→ Exercise
A faithful copy of the listing below is needed, with its pictures left out.

→ Raw data
++++

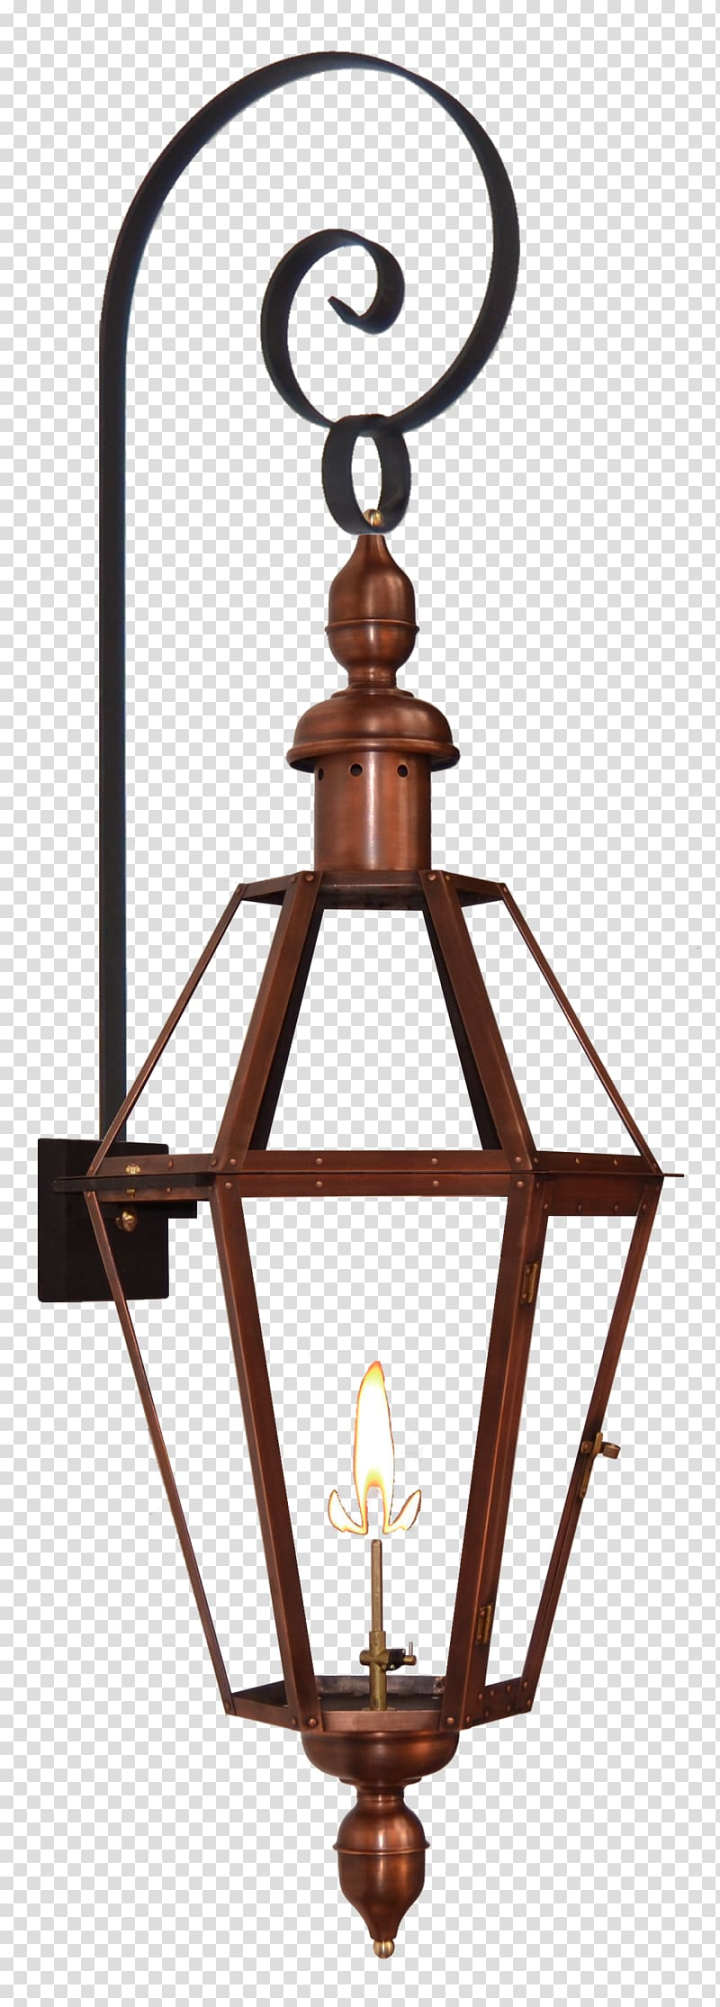 light,fixture,paper,lantern,gas,lighting,glass,street light,lamp,led lamp,electricity,landscape lighting,scroll,nature,mount,bottom,lamp shades,incandescent light bulb,coppersmith,ceiling fixture,candle holder,vernon,light fixture,paper lantern,gas lighting,png clipart,free png,transparent background,free clipart,clip art,free download,png,comhiclipart
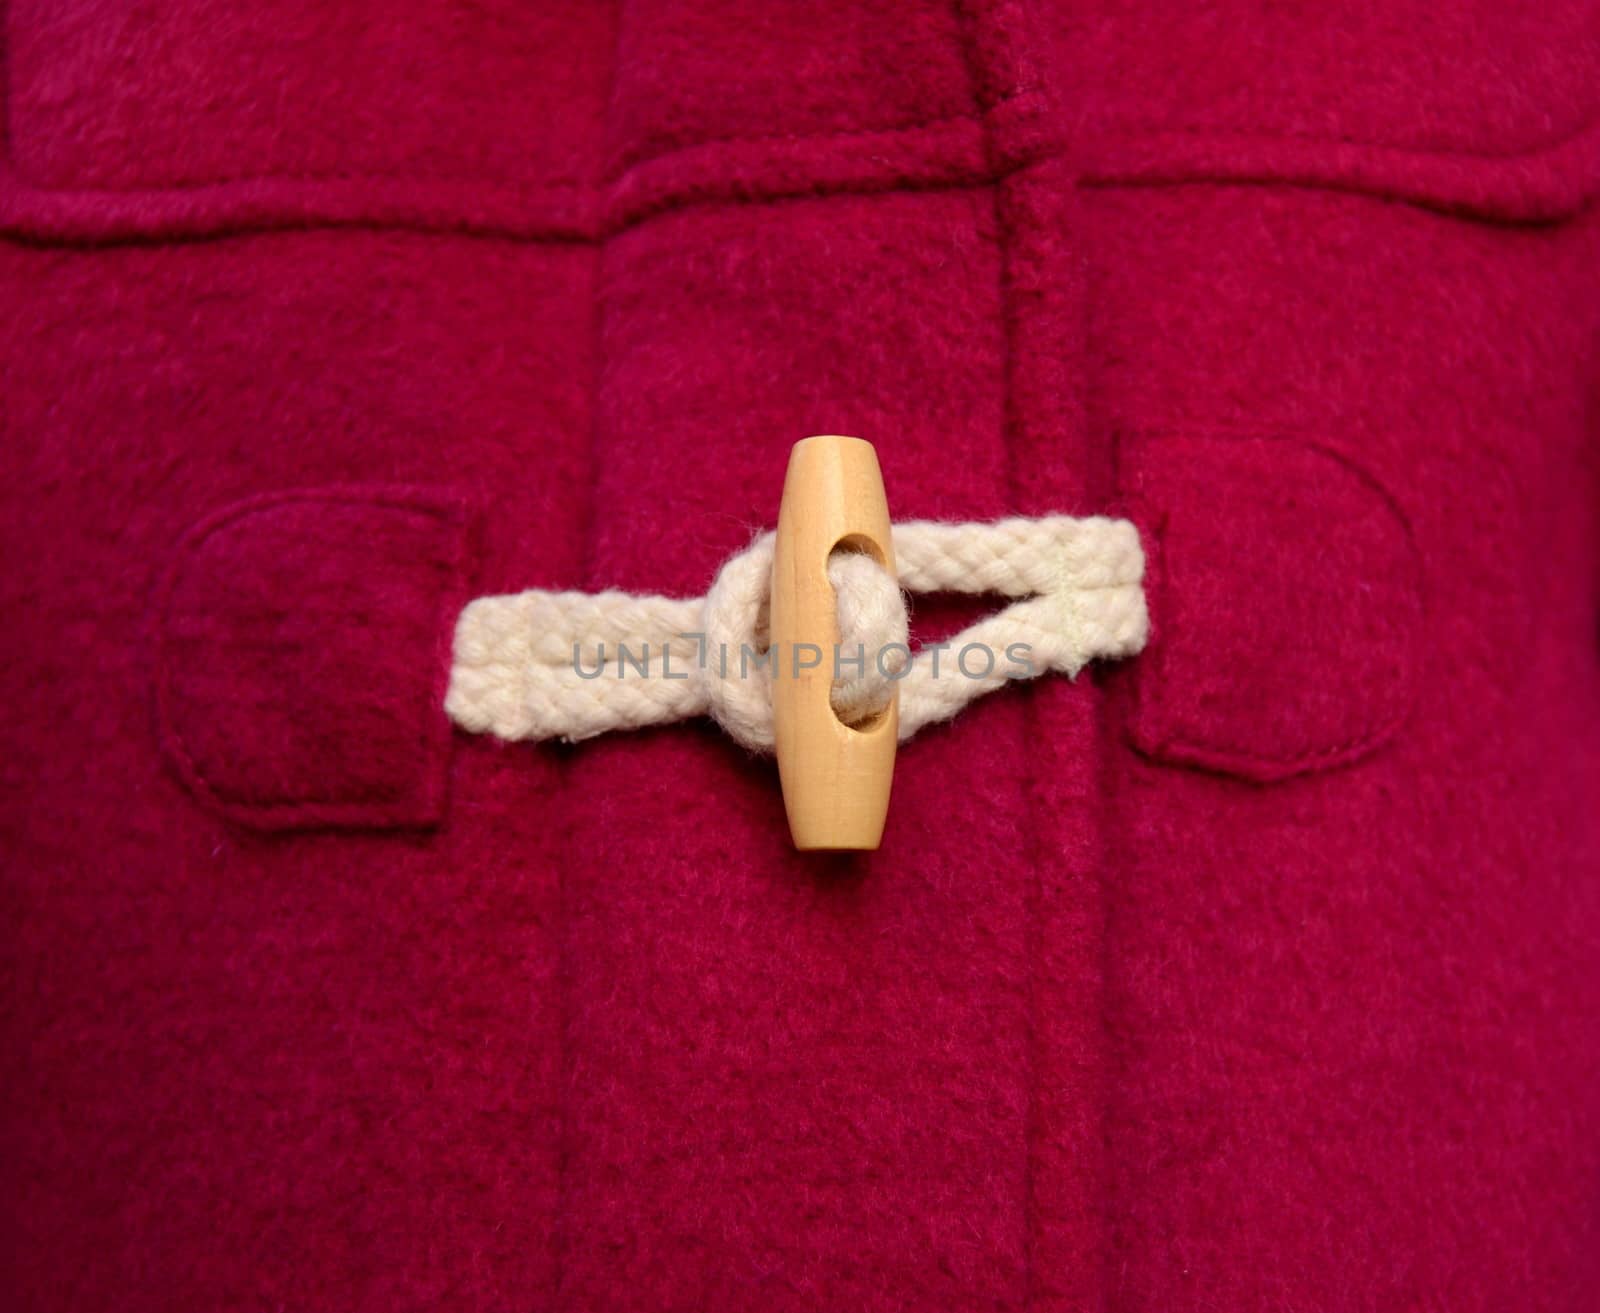 Toggle Button On A Red Duffle Coat
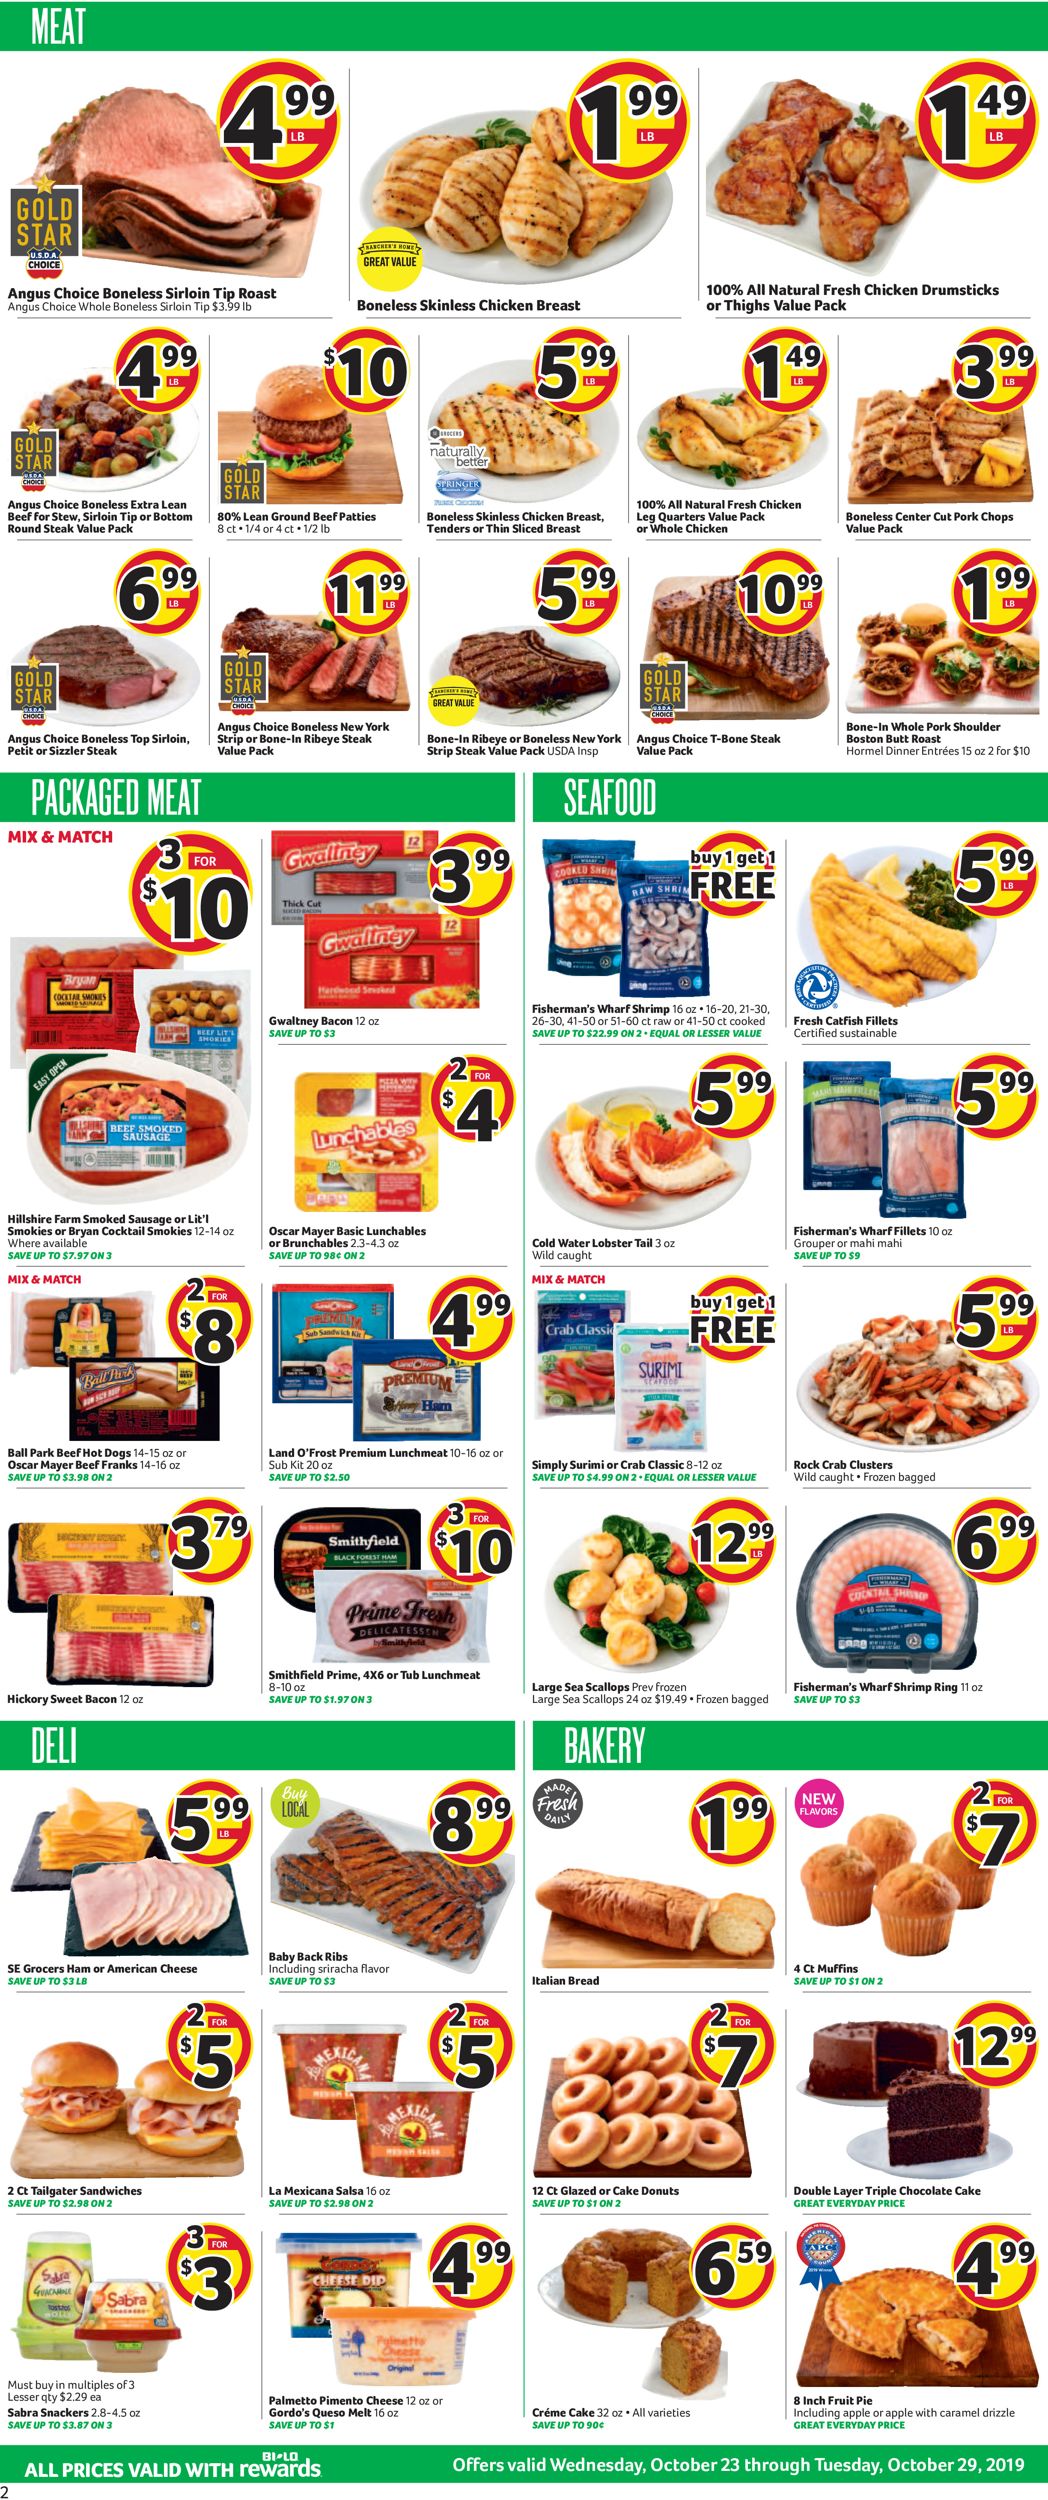 BI-LO Current weekly ad 10/23 - 10/29/2019 2 - frequent ...

++++

→ Written answer
 light,fixture,paper,lantern,gas,lighting,glass,street light,lamp,led lamp,electricity,landscape lighting,scroll,nature,mount,bottom,lamp shades,incandescent light bulb,coppersmith,ceiling fixture,candle holder,vernon,light fixture,paper lantern,gas lighting,png clipart,free png,transparent background,free clipart,clip art,free download,png,comhiclipart
 Toggle Button On A Red Duffle Coat
 BI-LO Current weekly ad 10/23 - 10/29/2019 2 - frequent ...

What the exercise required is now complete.